Arquivo do blog

domingo, 19 de agosto de 2012

A super-heroína da décima dimensão



A super-heroína da décima dimensão

Dizem os expert em física quântica que nosso universo tem 11 dimensões, sendo quatro delas perfeitamente definidas e as outras sete pequenas e enroladas. As quatro conhecidas são o espaço contendo três dimensões – comprimento, largura e altura - e o tempo, associado de forma inseparável das outras três, que constituem o espaço. Mas não sabemos que dimensões são essas nem as suas características, porém temos razões de sobra para acreditar que existem, porque os físicos não erram muito. Sabemos algo mais. Quem nos conta é Castrina, uma viajante do Universo. Mas para melhor entendermos como são essas “pequenas” dimensões, que assim mesmo são imensas, olhemos para uma caneca com alça. Abstraindo-nos do tempo, vemos perfeitamente as três dimensões no corpo da caneca. A alça seria uma dessas dimensões “extras”. Vemos que a alça tem dois pontos comuns ao corpo da caneca – o nosso espaço tempo que sentimos e vemos - e que também fazem parte dela. É nesses dois pontos comuns que se fazem certos tipos de troca de informação. Como “informação” podemos considerar a passagem de partículas, ondas, corpos de qualquer dimensão. A física quântica também nos diz que a probabilidade de alguma partícula passar dessa dimensão (a da alça) para o corpo da caneca é ínfima, mas que se esperarmos o tempo suficiente, acontecerá e poderemos estudar esse fenômeno. Como este Universo tem um tempo finito de existência dentro de um “universo” de universos de tempo infinito para trás no tempo, tal passagem de dimensão estaria mais do que na hora de acontecer.

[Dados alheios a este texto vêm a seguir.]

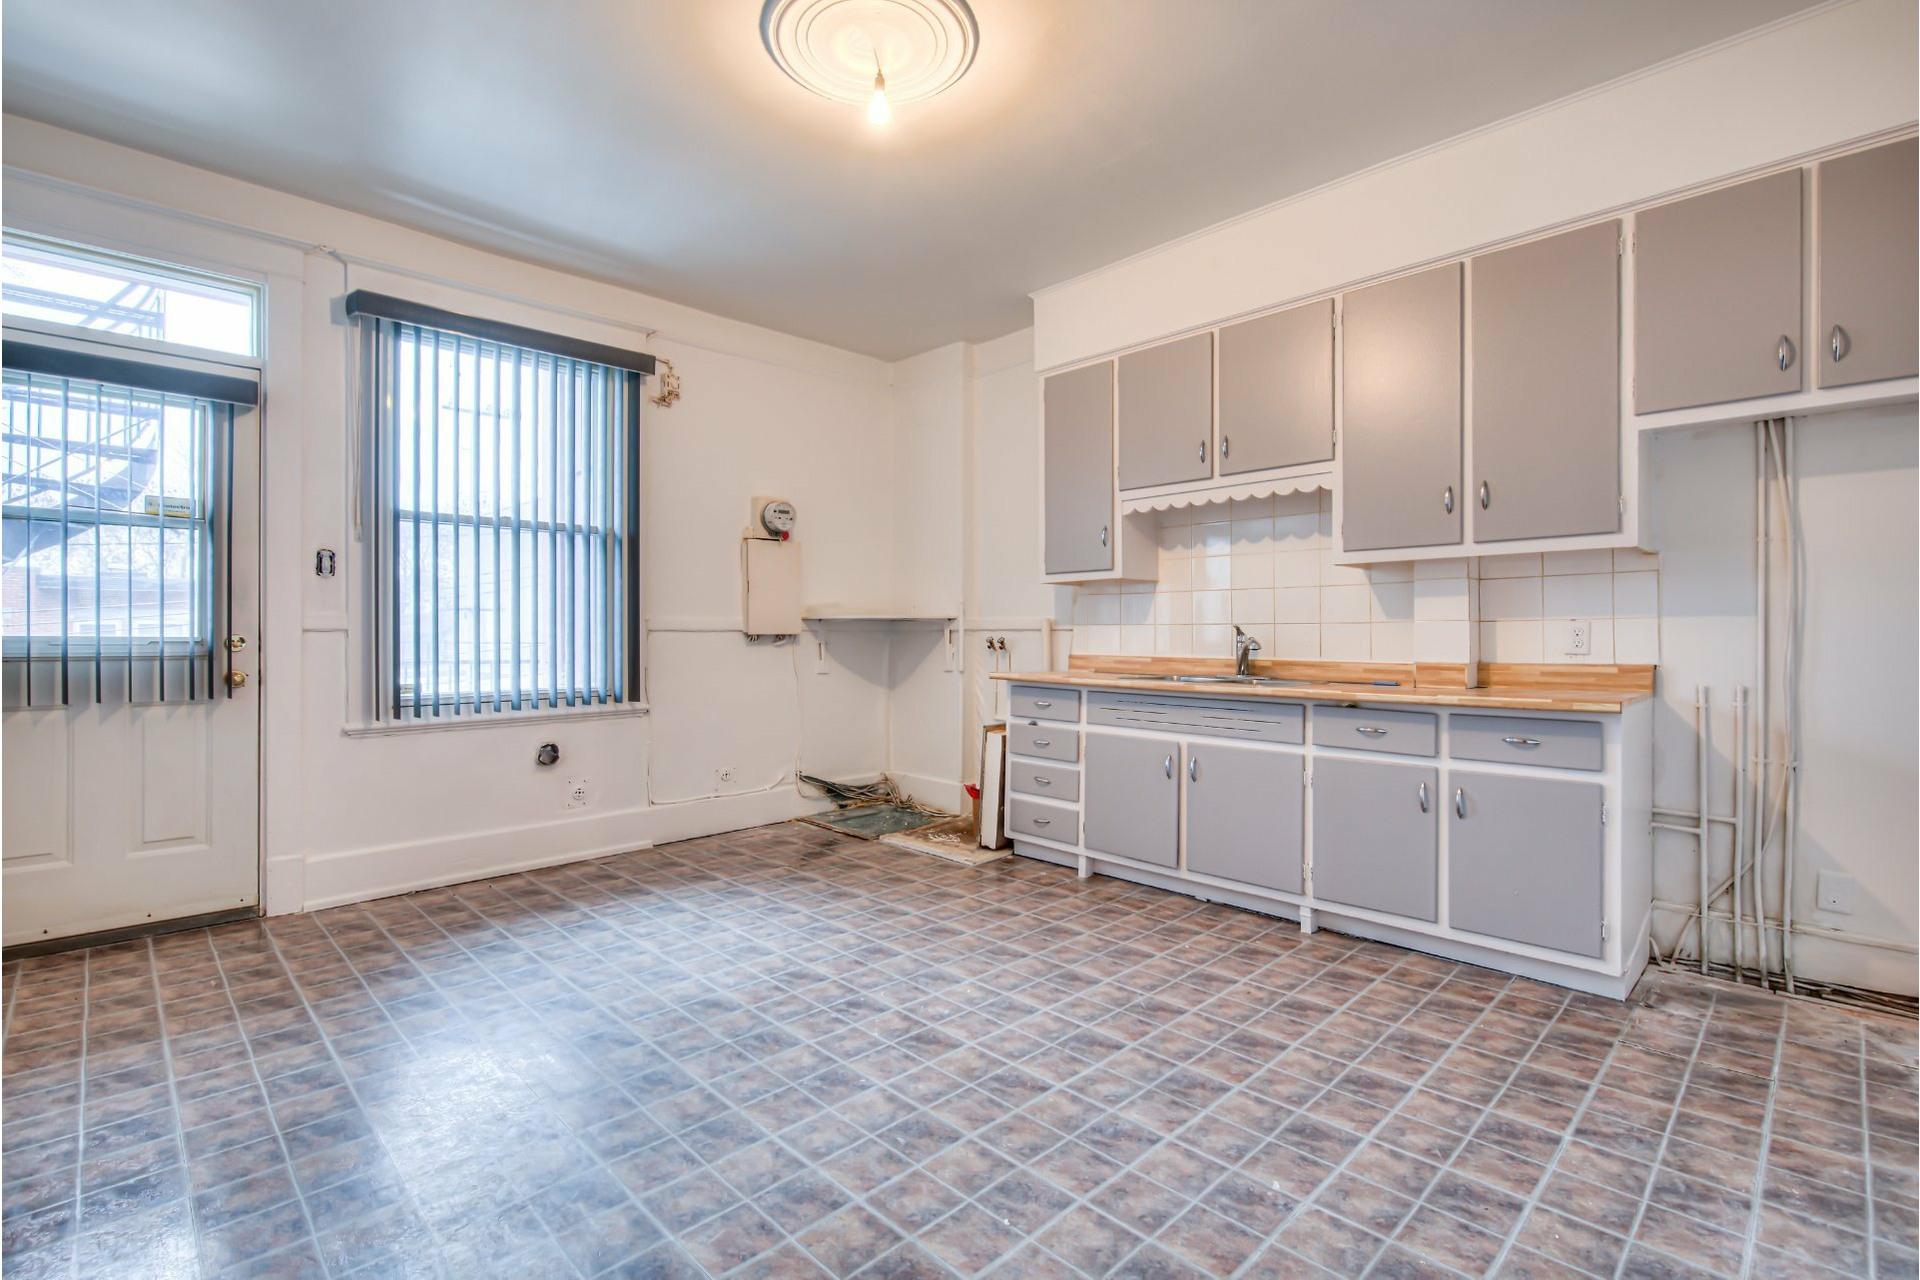 image 18 - Triplex For sale Le Sud-Ouest Montréal  - 4 rooms
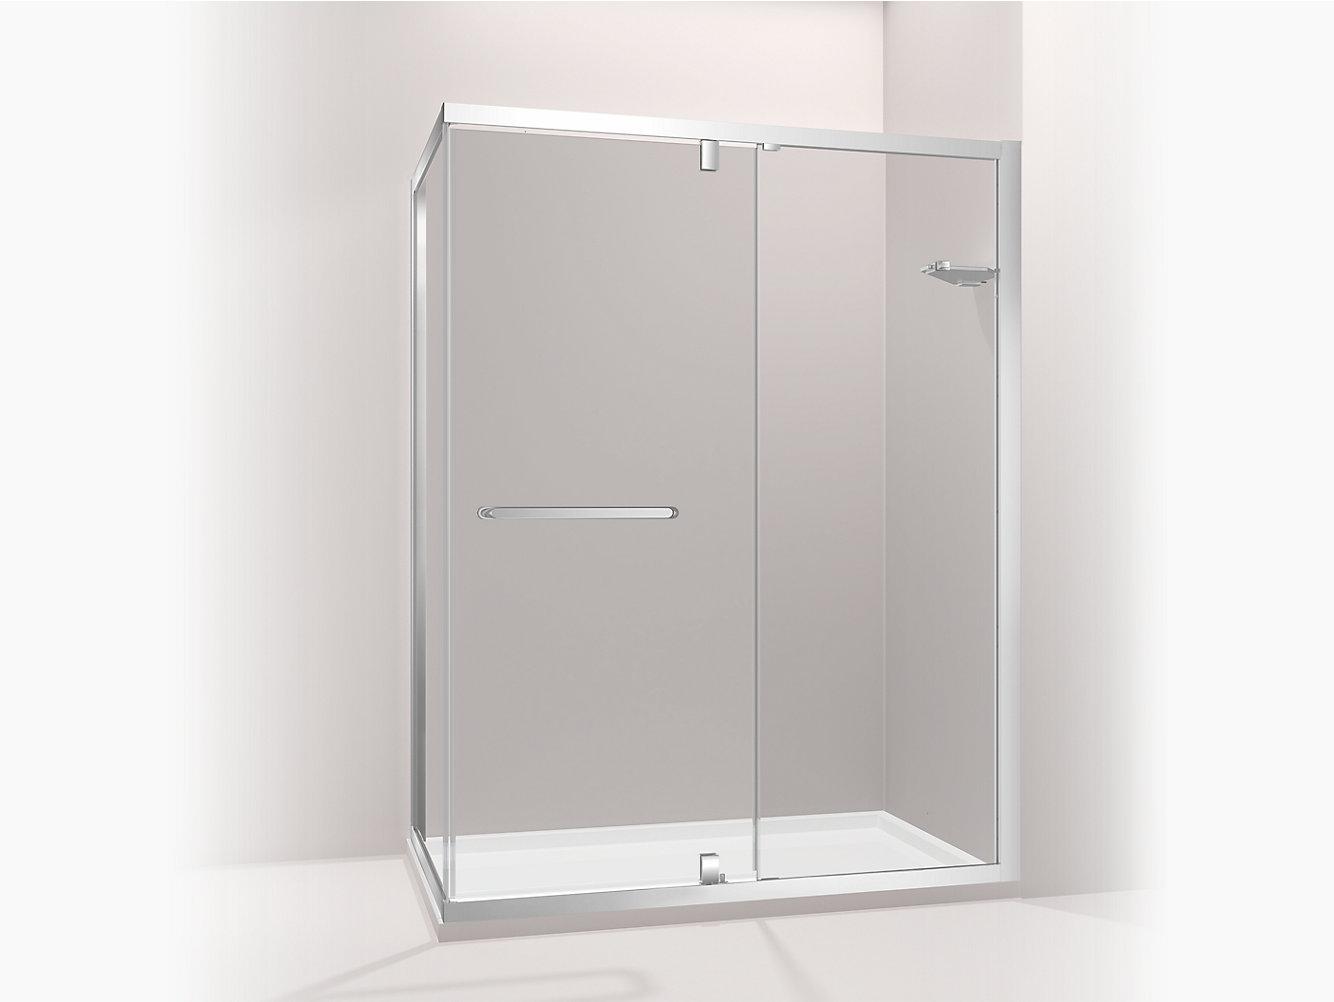 Skyline L-Shaped Shower Enclosure | 81019T-FM | KOHLER

E que aconteceu com Castrina. Foi numa tarde de Outono quando as folhas das árvores caem tingindo o chão de cores pastel de marrom e amarelo, o vento faz rodamoinhos levantando-as e a chuva cai intensa alagando estradas, campos, cidades. Certos fenômenos passam desapercebidos e criaturas podem passar de uma dimensão para outra sem deixar rastro. Umas esfumam-se na neblina. Outras sofrem metamorfoses e logo se juntam a nós sem qualquer diferença aparente. Uma só, tanto quanto sabemos, se materializou tal como era na outra dimensão. Quando o raio caiu perto da torre da Igreja sem fiéis, que agora era usada como museu, e a fumaça se esvaiu no nevoeiro, lá estava aquela figura, com um joelho no chão, o outro dobrado, curvada sobre si mesma, um cotovelo sobre a perna dobrada, a mão esquerda tocando o chão para se apoiar. Seu corpo ainda fumegava, brilhando por pequenos raios azulados que lhe percorriam o corpo. Primeiro pensei que fosse alguém atingido pelo raio, mas quando olhou na minha direção, percebi que era um ser estranho. Respirava normalmente. Não tinha qualquer meio de se mimetizar ou adquirir nossas formas. Tinha mãos com garras como se fossem de águia, pés e mãos com quatro dedos, cabeça um pouco grande, totalmente imberbe, pele aveludada ligeiramente azulada, veias esverdeadas. Podia considerar-se um ser agradável, embora tivesse os dentes pequenos. Ria facilmente e aprendeu nossa língua, o português em dois dias de convivência na casa onde a escondemos da mídia. Seus alimentos eram tão similares aos nossos, conforme contou, que não houve preocupação alguma quando preparamos a comida. Comeu com parcimônia. Gostou do vinho, preferindo sucos e água. Minha amiga Ivone que trabalha numa clínica tratou de analisar o sangue de Castrina. Incrivelmente semelhante ao nosso, as células reprodutivas com 48 cromossomos. Grande probabilidade de cruzar-se com homens e vir a gerar filhos. Mas Castrina tinha outras intenções; queria voltar para a sua dimensão onde estava sua Galáxia, seu sistema solar, seu planeta, seus familiares, amigos, sua vida.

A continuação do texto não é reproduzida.